Hey, and Thornton looked good as well. Five shutout innings, and only three walks this time. It was a lefty nightmare for Omaha last night: Thornton, Williams (1.54 ERA), and then Sherrill (1.57 ERA). Not fair. No wonder Pickering sat all night.

And Strong hit one out as well. You gotta like that. If Strong develops any kind of power, we've got ourselves a helluva ballplayer here. Good OBP, great wheels. He knows how to get on base. If he can force pitchers to respect his bat, he'll draw the walk.

Thursday, May 20, 2004

In three minor league seasons (including this year so far) San Antonio leadoff man Dustin Delucchi has had OBPs of .390, .396 and .408. Last year in the Cal league he added 19 doubles and 15 SBs (caught just twice) in 312 official at bats.
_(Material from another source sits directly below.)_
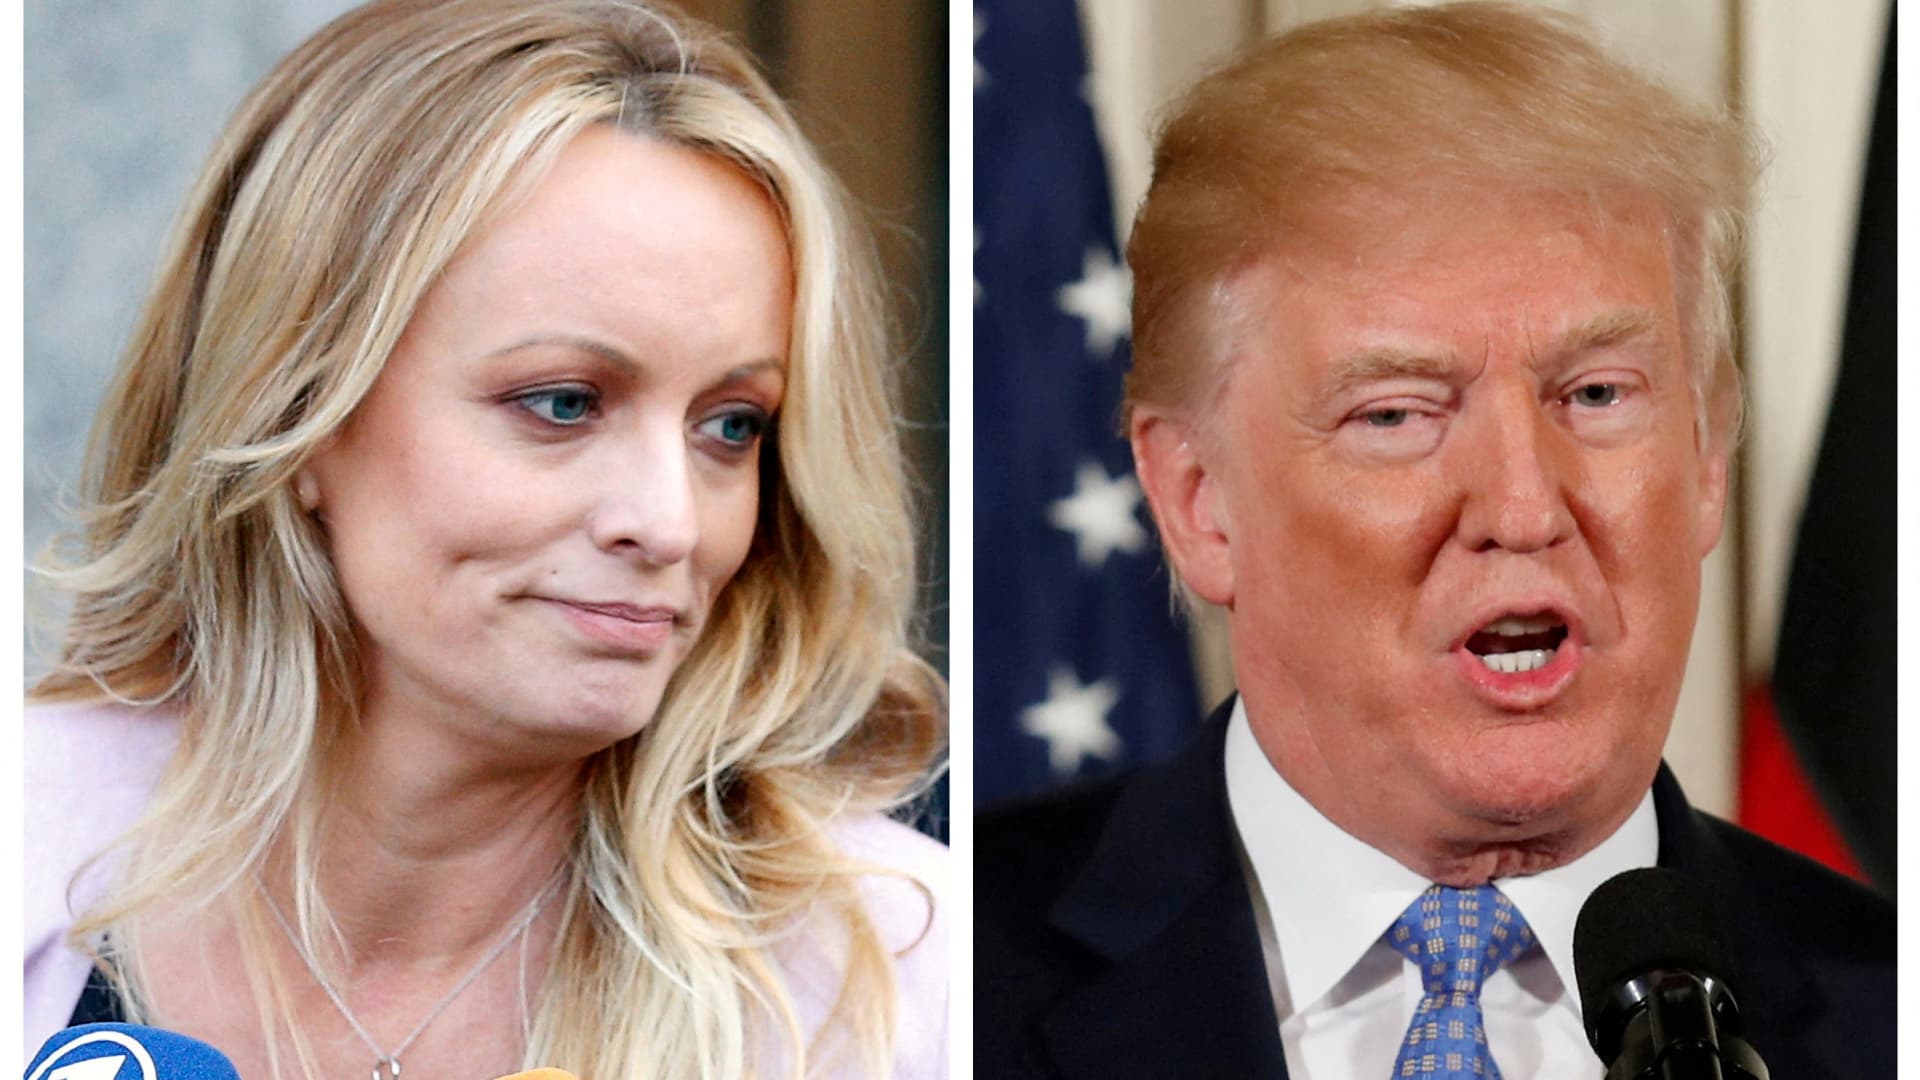 Stormy Daniels will testify about hush money and alleged sex with ex-president
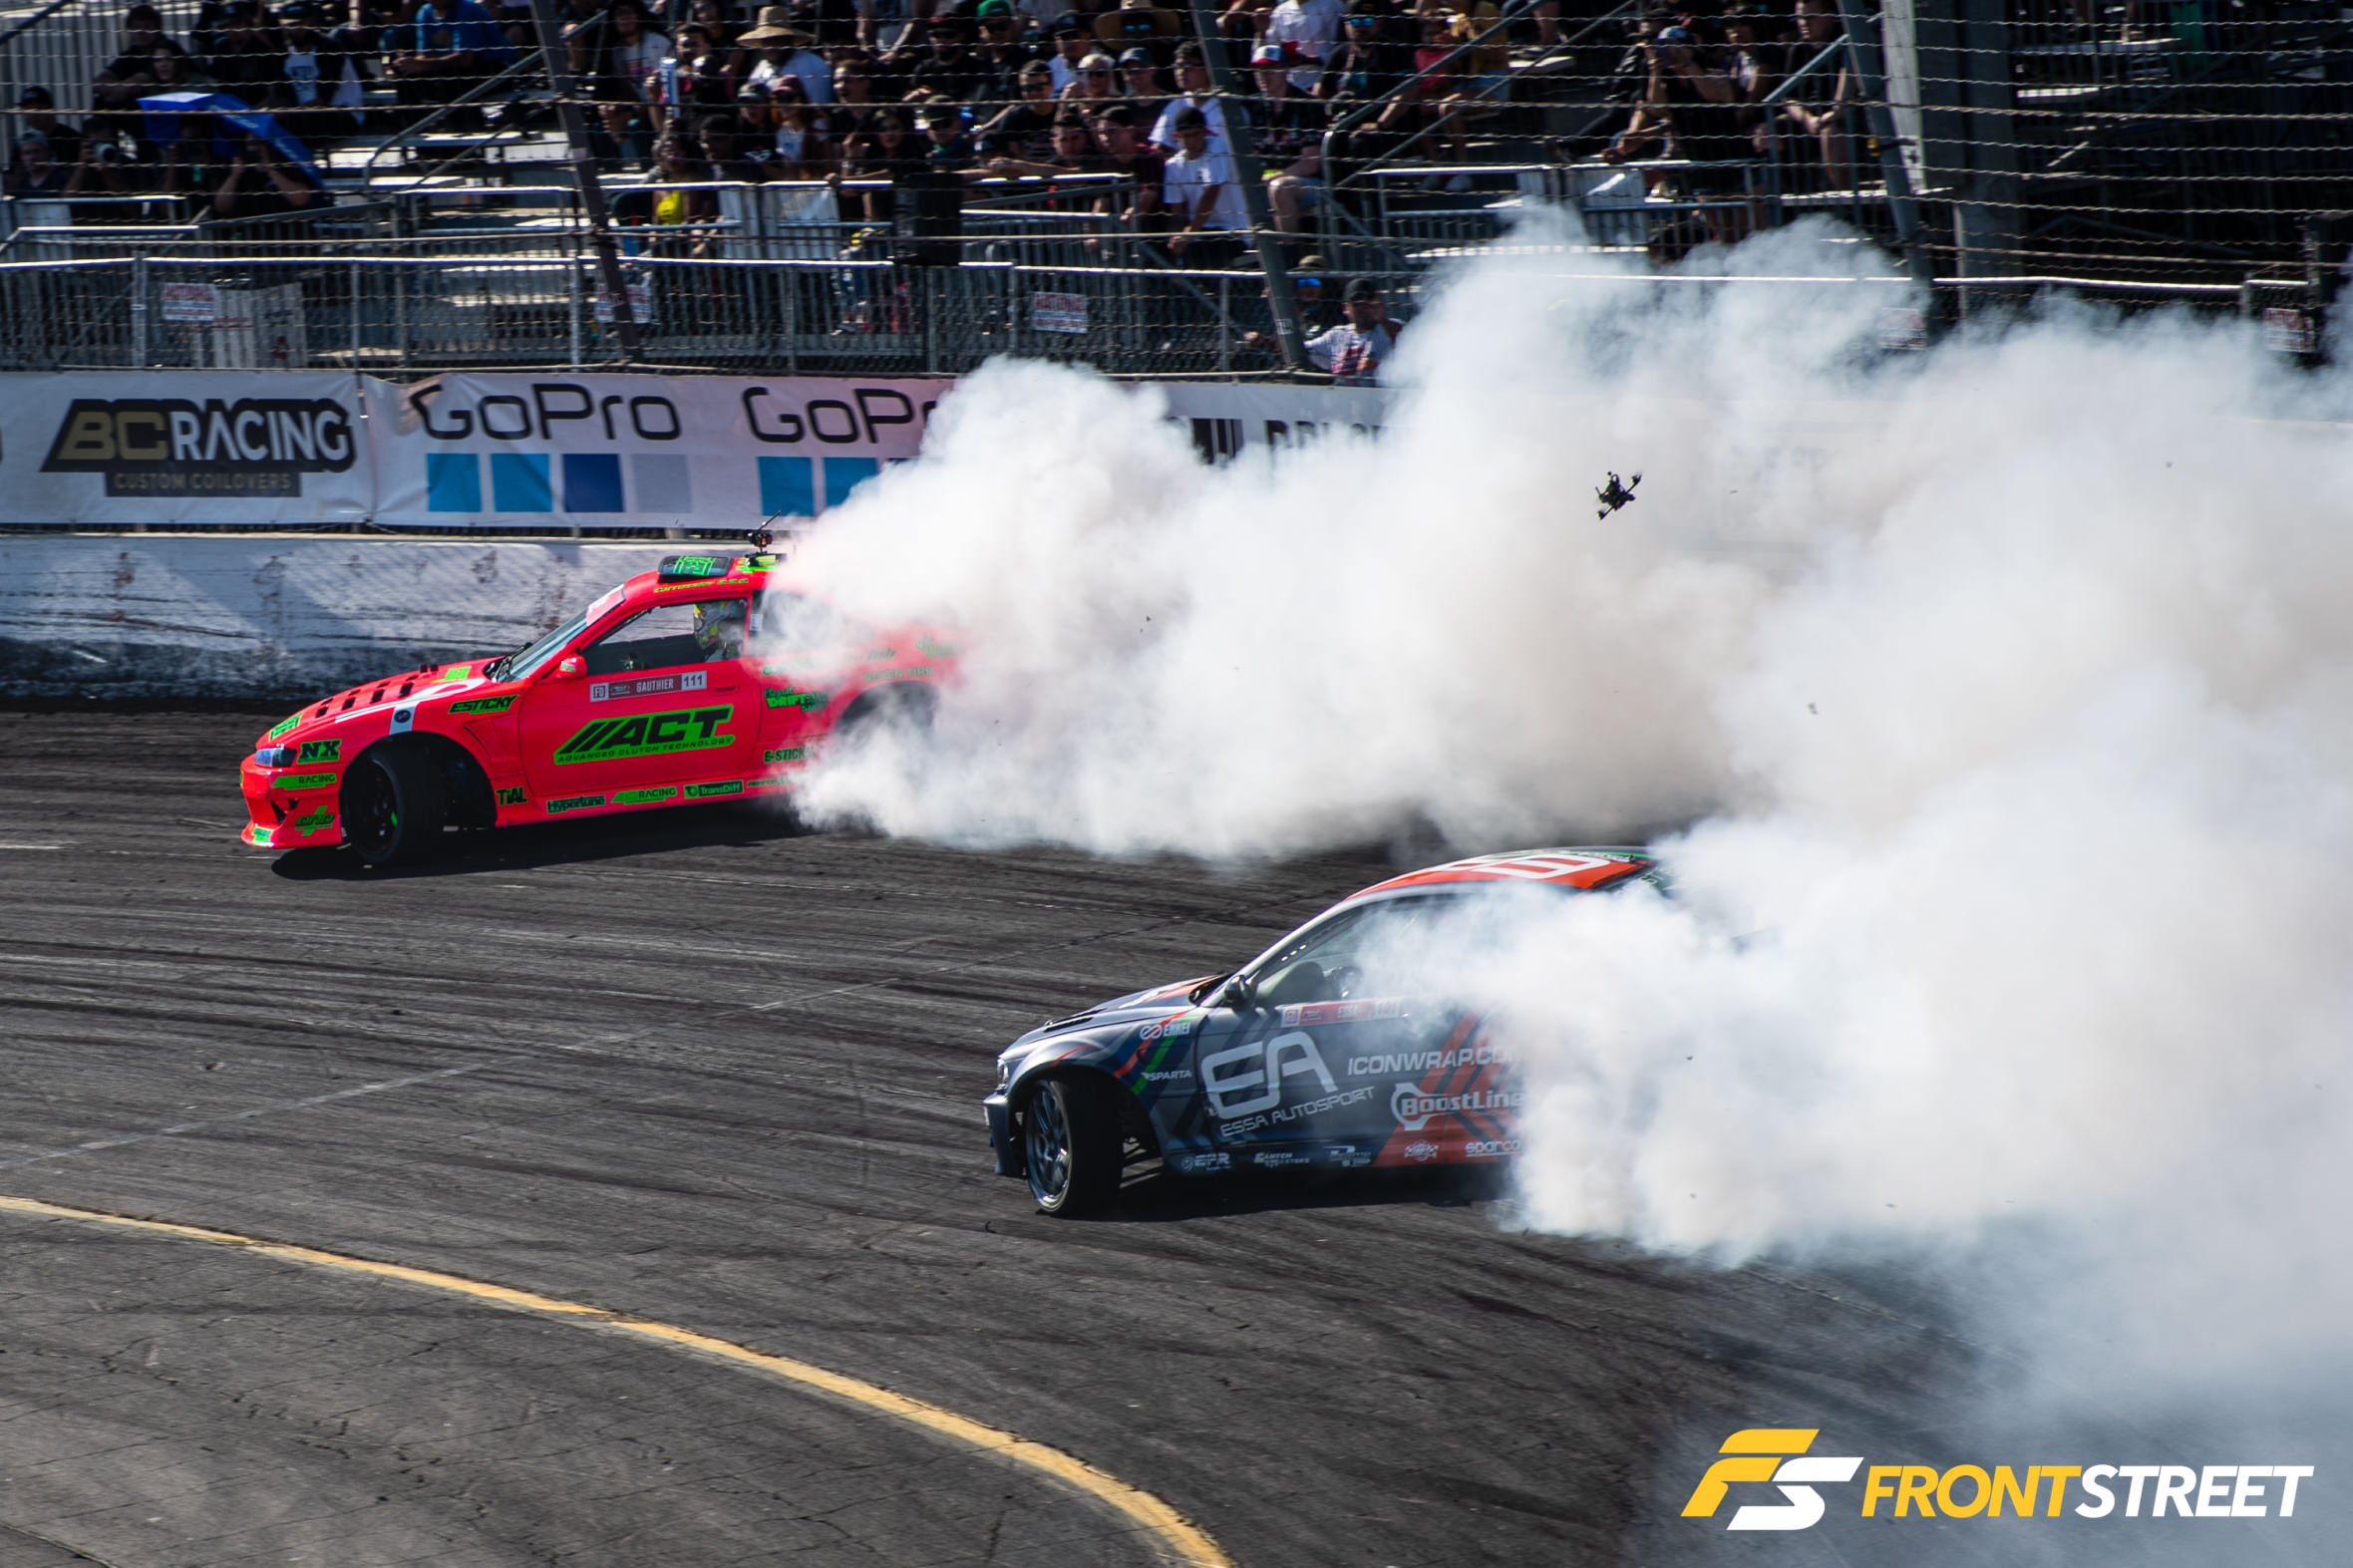 Formula D Irwindale Is 2019's Final Stanza, Filled With Drama

He's 26, and I kinda doubt Randy Winn performed as well in the minors. Here, let me check......nope.

Delucchi was signed out of the Independent league. That makes Madstrich, Sherrill and now Delucchi gleaned from those fields. Three darn good prospects.
Reminiscing

I've been wondering lately whether last year's Mariner defense, which I loved watching, was the best ever assembled. It's an impossible question to answer which defense was the best ever assembled of course, but it appears that it may not have even been the best assembled in the 21st century. That honor would probably go to the 2002 Anaheim Angels in a photofinish. It is interesting how we look back at that team and think about the offensive proficiency, top to bottom. Or we think about the tremendous bullpen. But rarely do we talk about how well those guys played defense.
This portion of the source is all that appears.